- Minthis Villages Location within Paphos District
- Coordinates: 34°49′31.16″N 32°29′40.55″E﻿ / ﻿34.8253222°N 32.4945972°E
- Country: Cyprus
- District: Paphos District
- Cultural/landscape anchor: Stavros tis Minthis Monastery
- Constituents: Episkopi; Kallepeia; Tsada;
- Time zone: UTC+2 (EET)
- • Summer (DST): UTC+3 (EEST)

= Minthis Villages =

Minthis Villages (also: Villages of Minthi) is a local tourism and heritage grouping of three neighbouring communities in the Paphos District of Cyprus: Episkopi, Kallepeia and Tsada. The grouping is centered on the uplands and the Ezousa valley around the historic monastery of Stavros tis Minthis.

== Geography ==
The three villages occupy a breezy plateau and the upper Ezousa valley north-east of the city of Paphos. Episkopi lies on the west side of the valley, Kallepeia to the east among vineyards, and Tsada on the higher ground between them.

== Constituents ==

- Episkopi – valley-side village noted for the “Episkopi Rock” landmark and the nearby Sindi Monastery.
- Kallepeia – wine-country village of stone houses and chapels, with the ruined chapel of Saint Gennadios at the abandoned locality of Moro Nero.
- Tsada – the functional hub of the plateau and closest to the Minthis monastery/resort complex; main parish church is Panagia Chryseleousa.

== History ==
A defining event in the modern era was the 1953 Paphos earthquake, which caused heavy damage across the district.

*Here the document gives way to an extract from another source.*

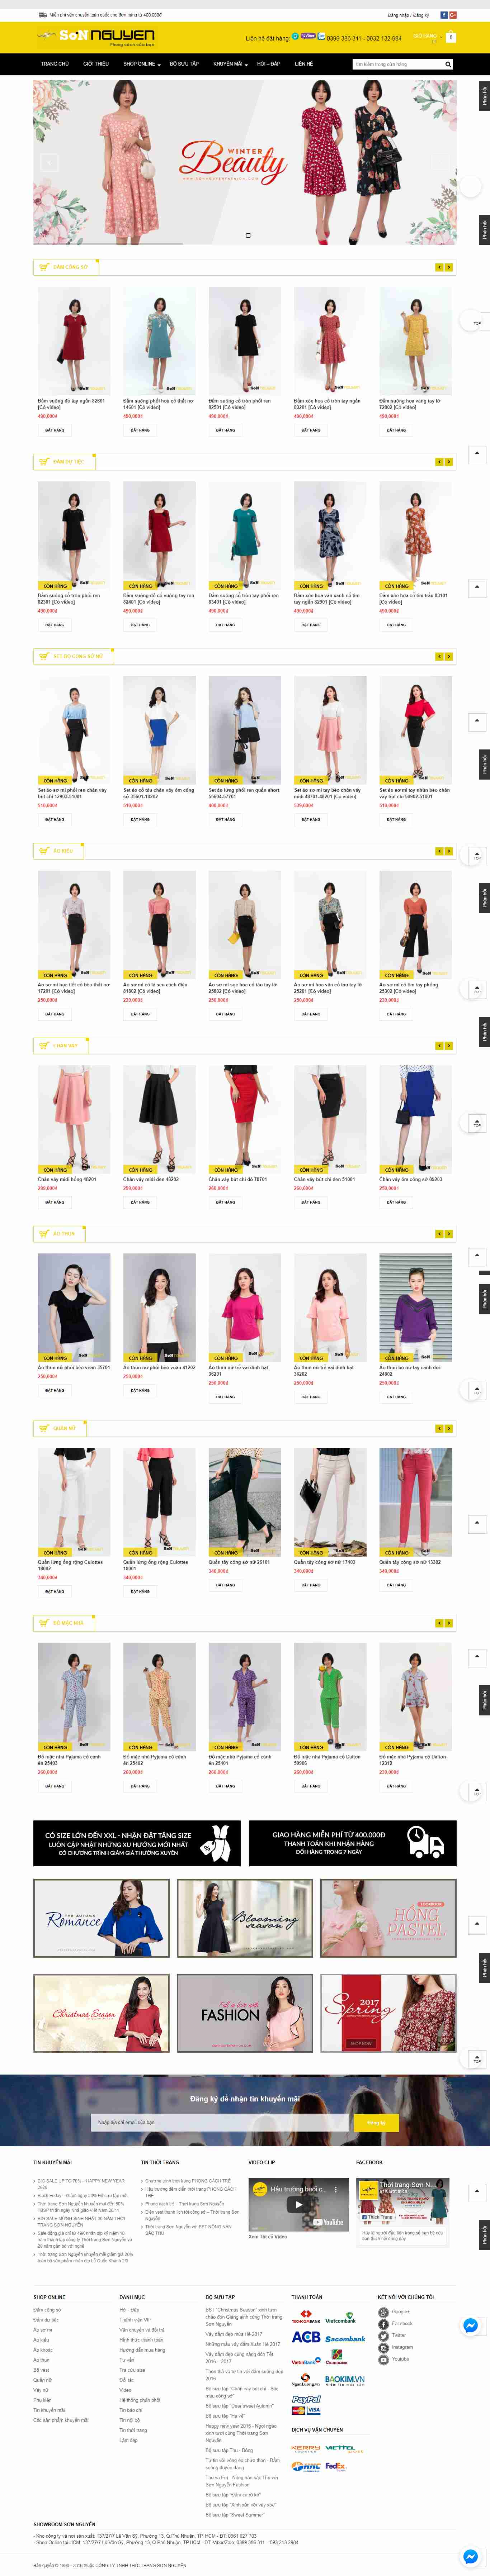 Thiết kế Website thời trang công sở - sonnguyenfashion.com

In its aftermath:

- At Tsada, the original (1910) church of Panagia Chryseleousa was “severely destroyed” by the 1953 quake; a new church was agreed in 1955 near the existing one.
- At Kallepeia, after structural failure in 1943, reconstruction of the main church (Agios Georgios) began in 1955; the community also lists the chapel of Agios Gennadios at Moro Nero among its monuments.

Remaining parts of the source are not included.